> _Input data_:
■ ■ ■

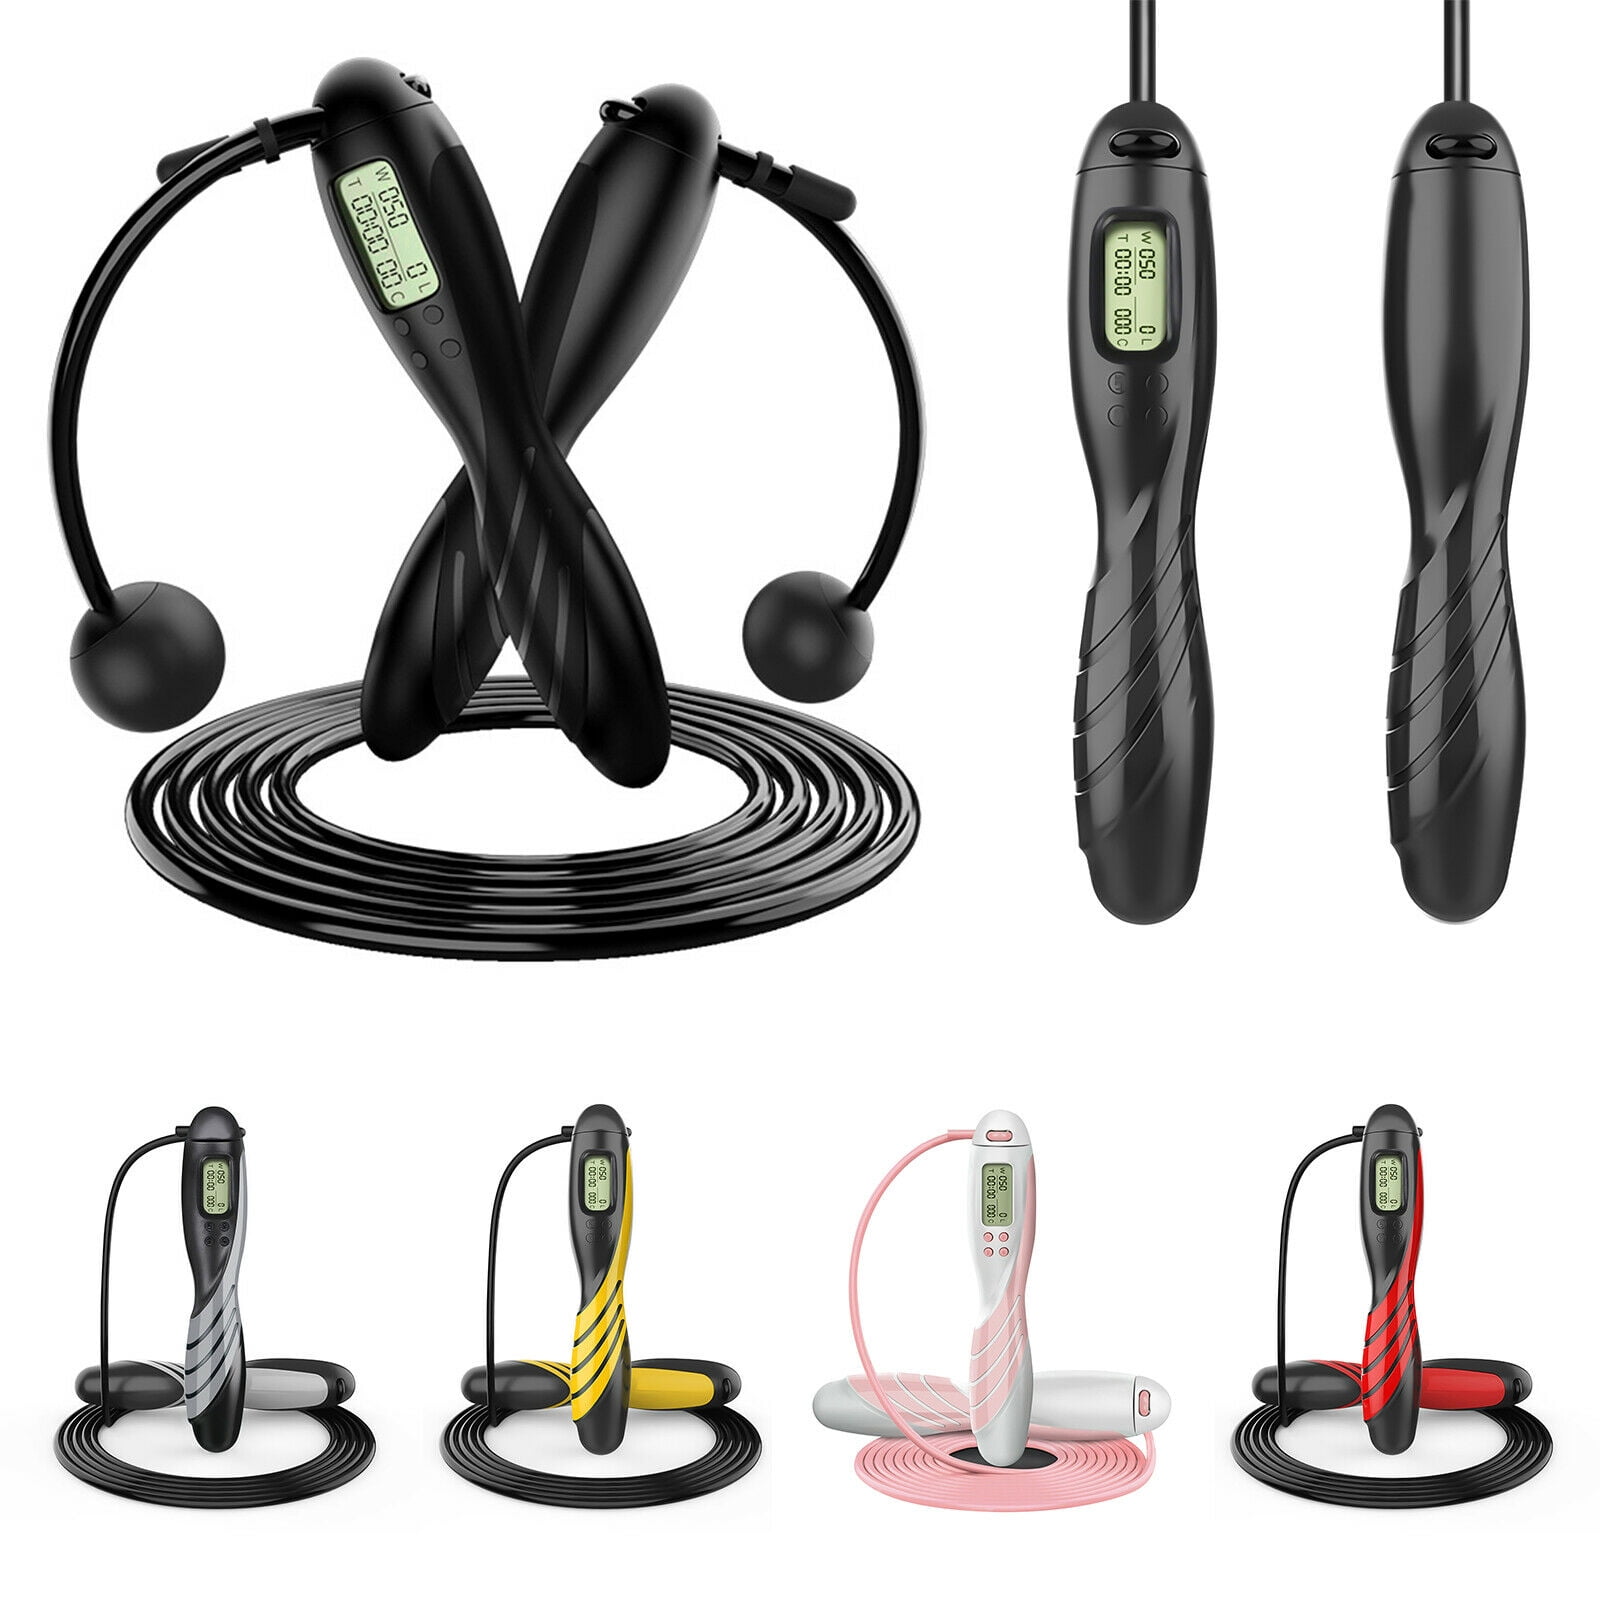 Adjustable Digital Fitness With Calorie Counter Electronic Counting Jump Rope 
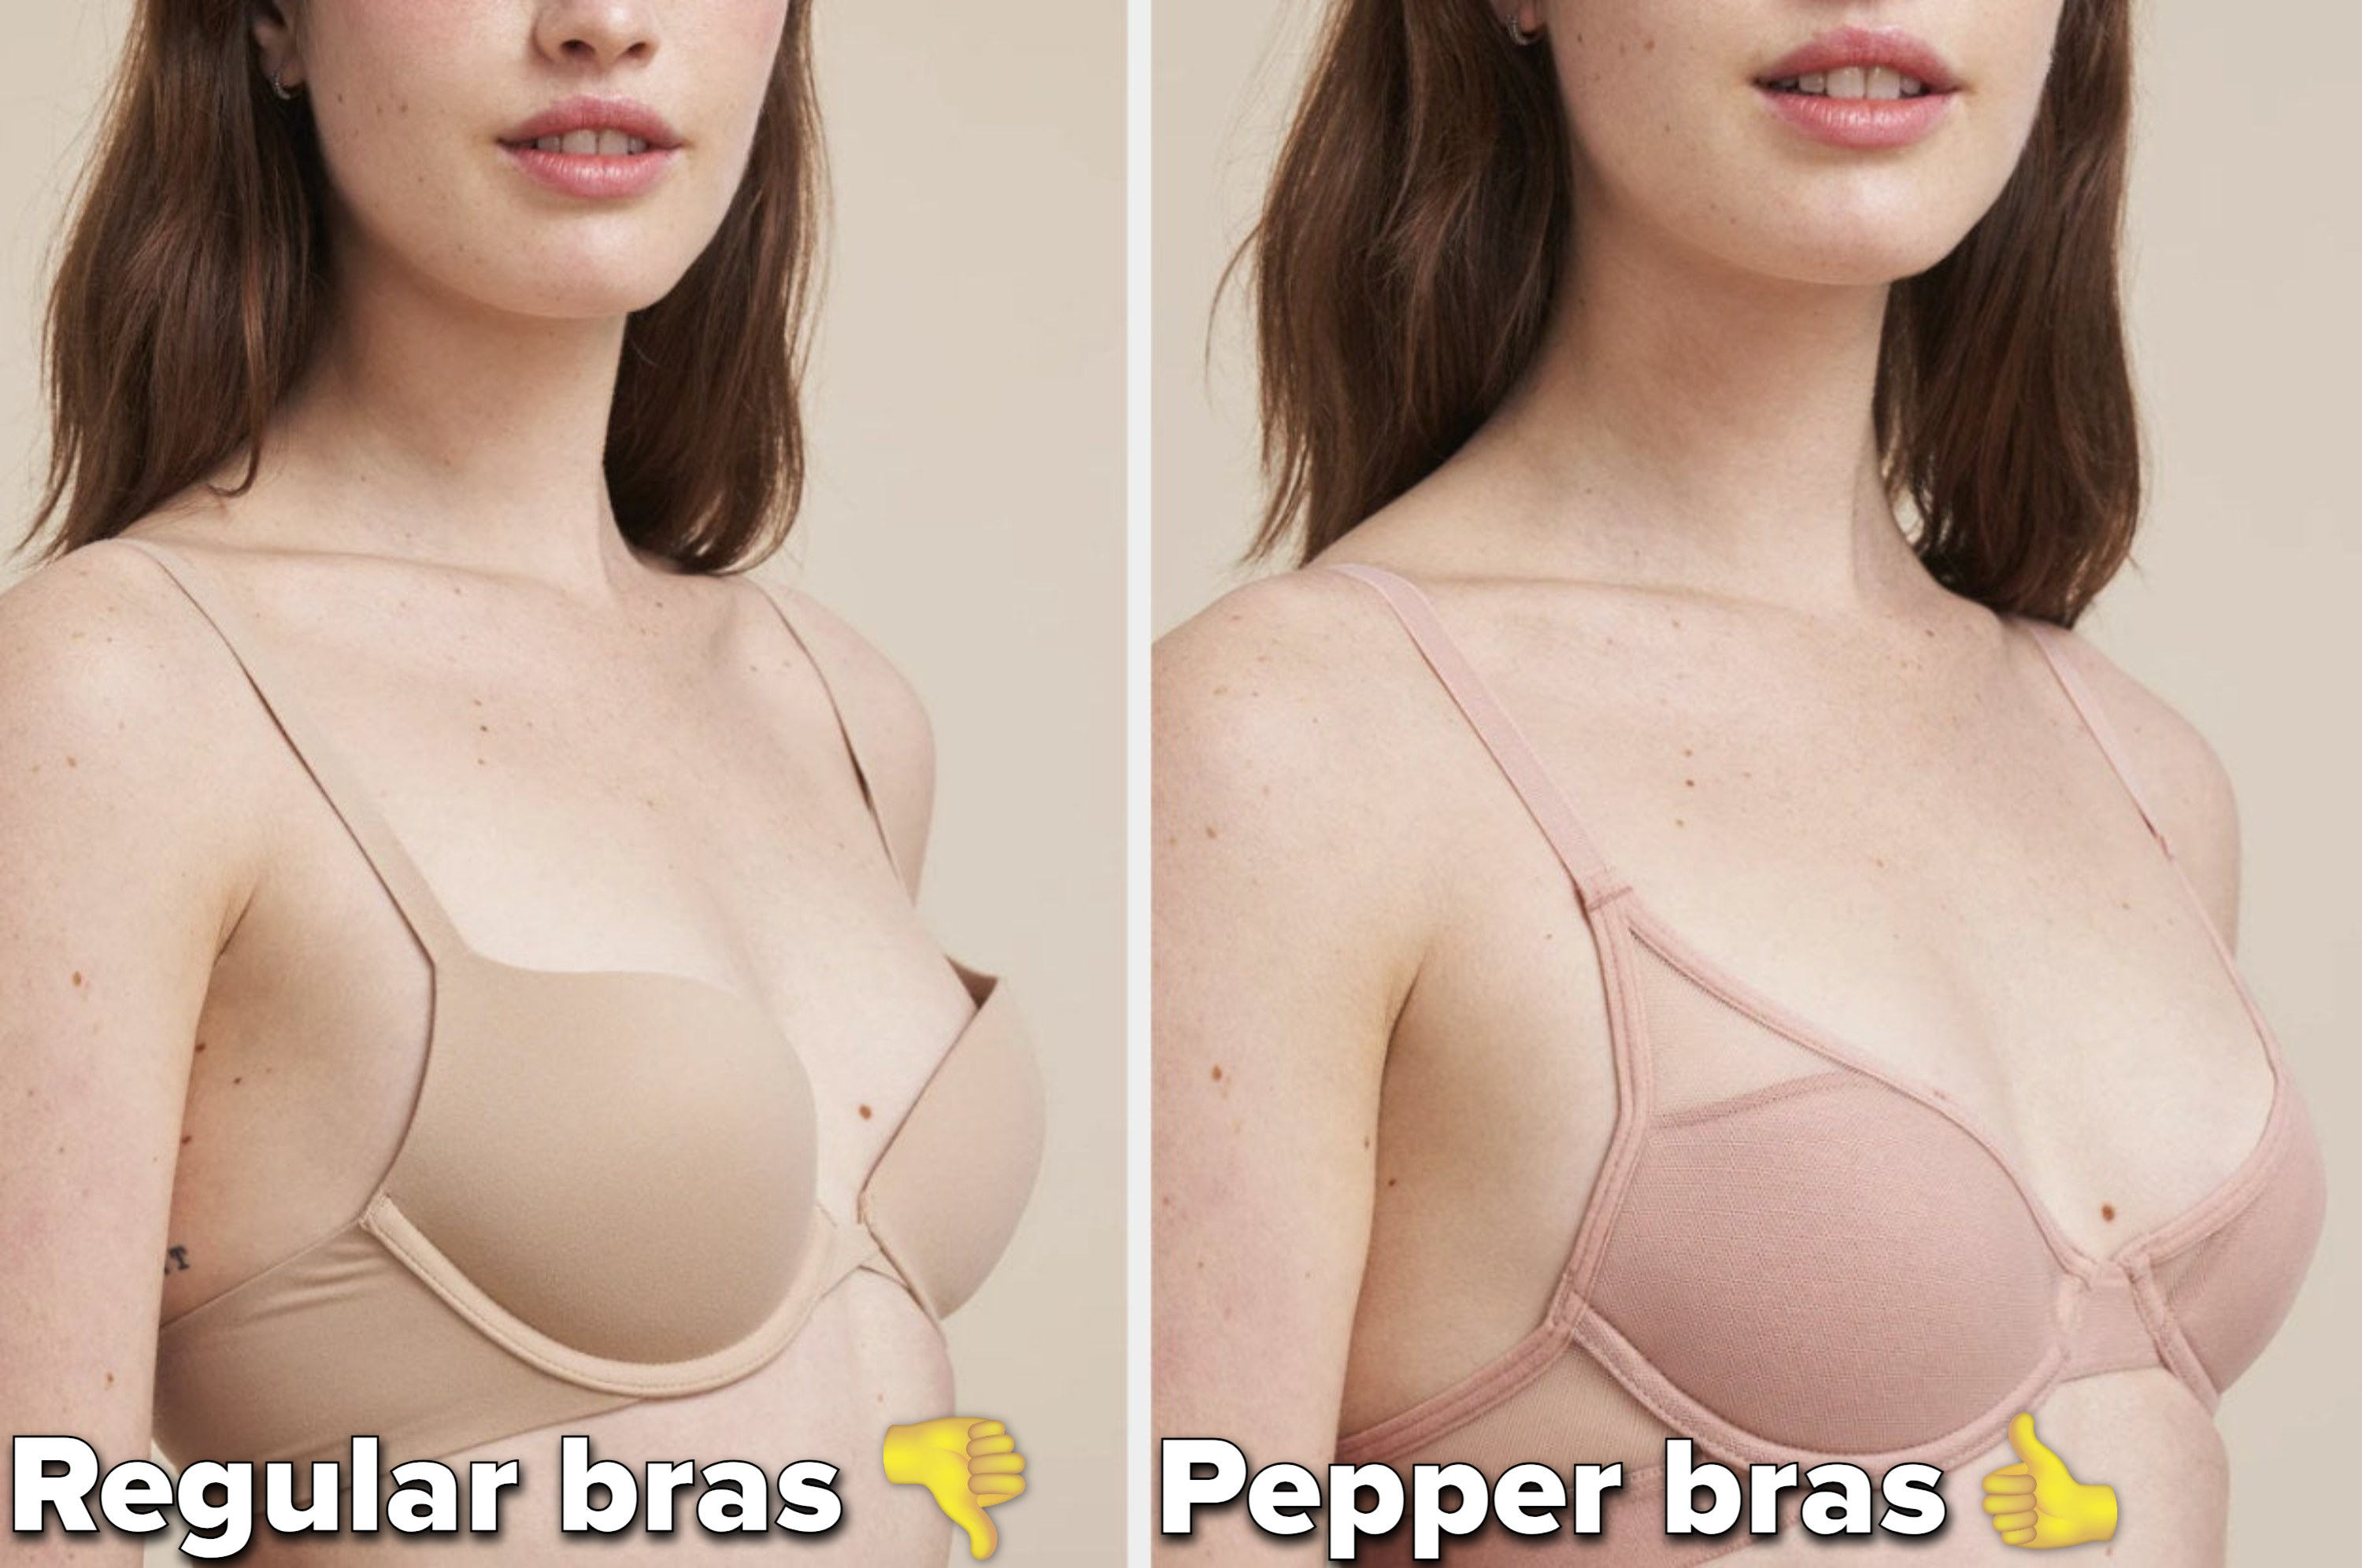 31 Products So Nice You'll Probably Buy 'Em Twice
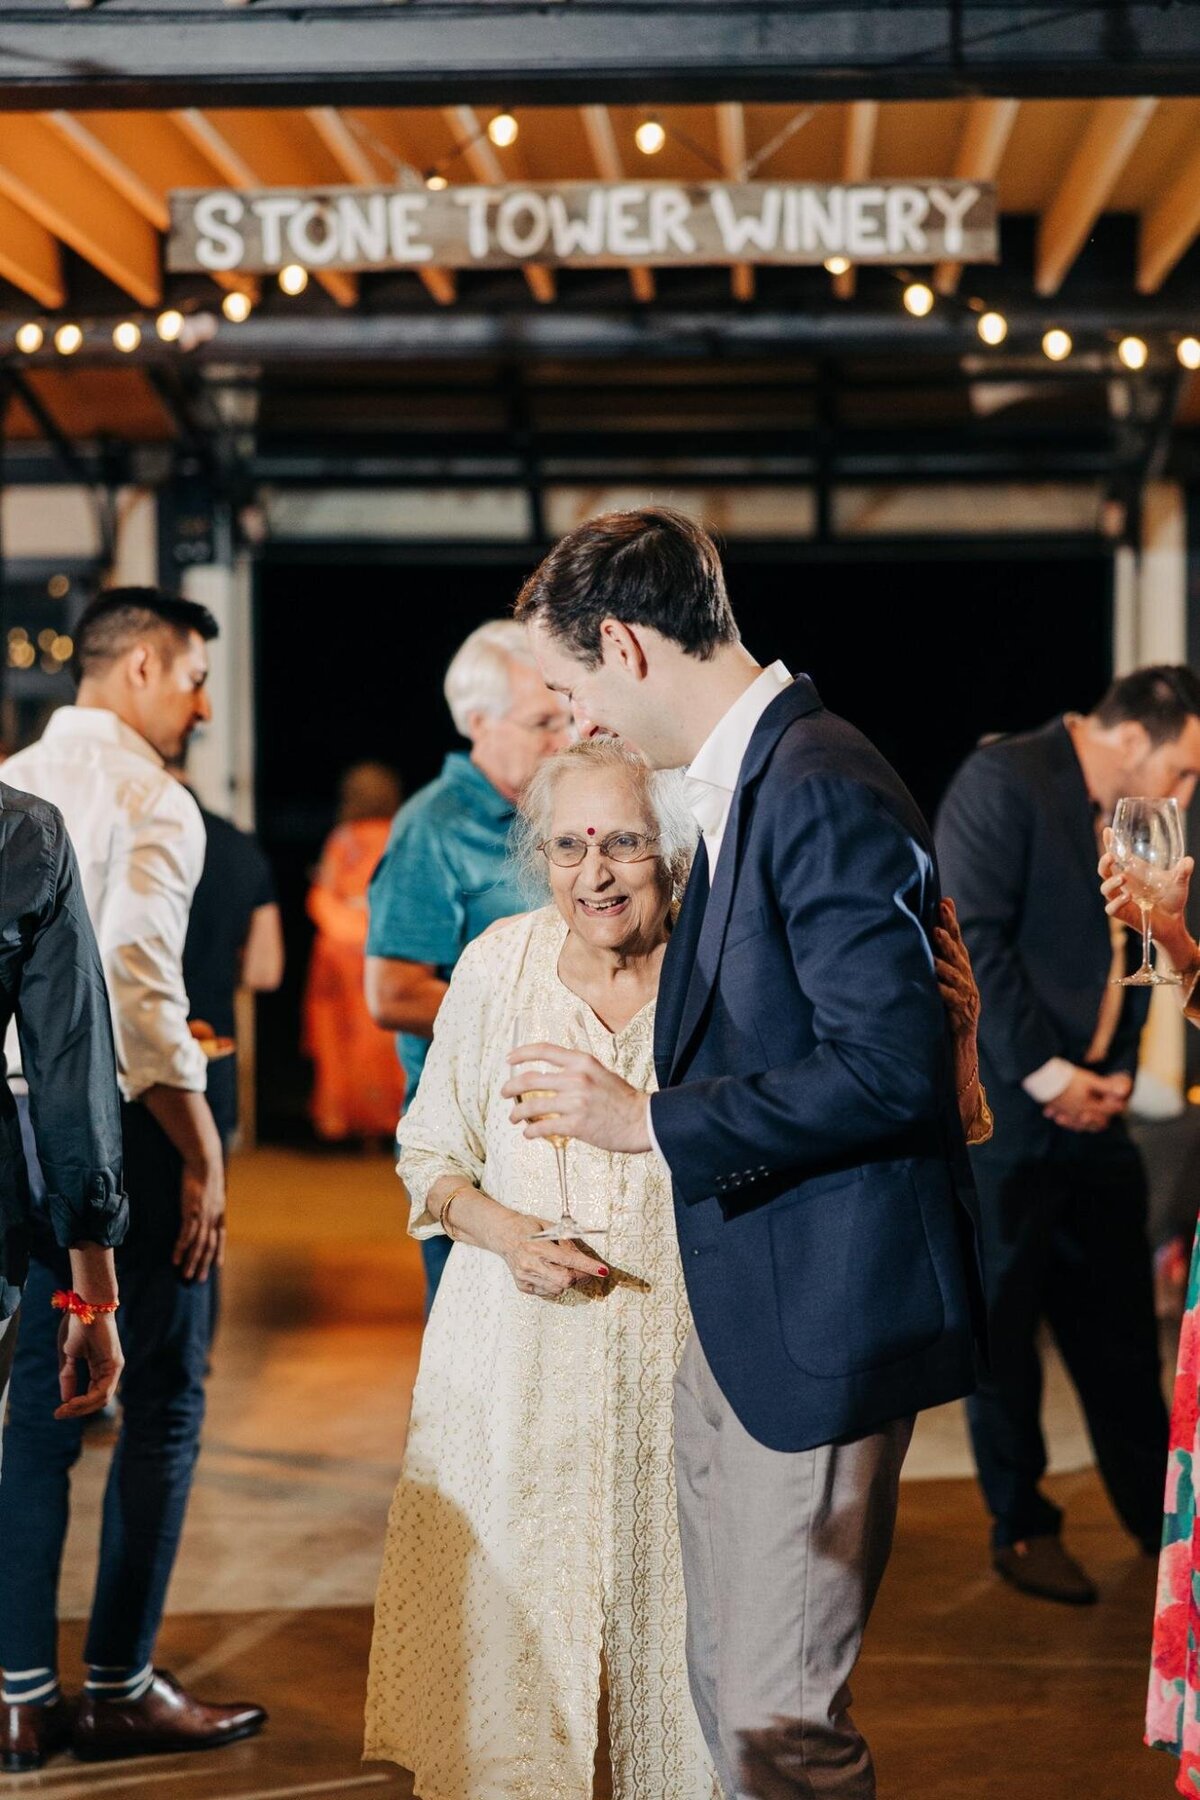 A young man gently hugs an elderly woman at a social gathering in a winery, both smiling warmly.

■ ■ ■

> _What is expected_:
Take the lines from the one that contains "31 Products So" through the last line of the material above and reproduce them exactly, leaving out any pictures.

> _Reply_:
 31 Products So Nice You'll Probably Buy 'Em Twice
 A young man gently hugs an elderly woman at a social gathering in a winery, both smiling warmly.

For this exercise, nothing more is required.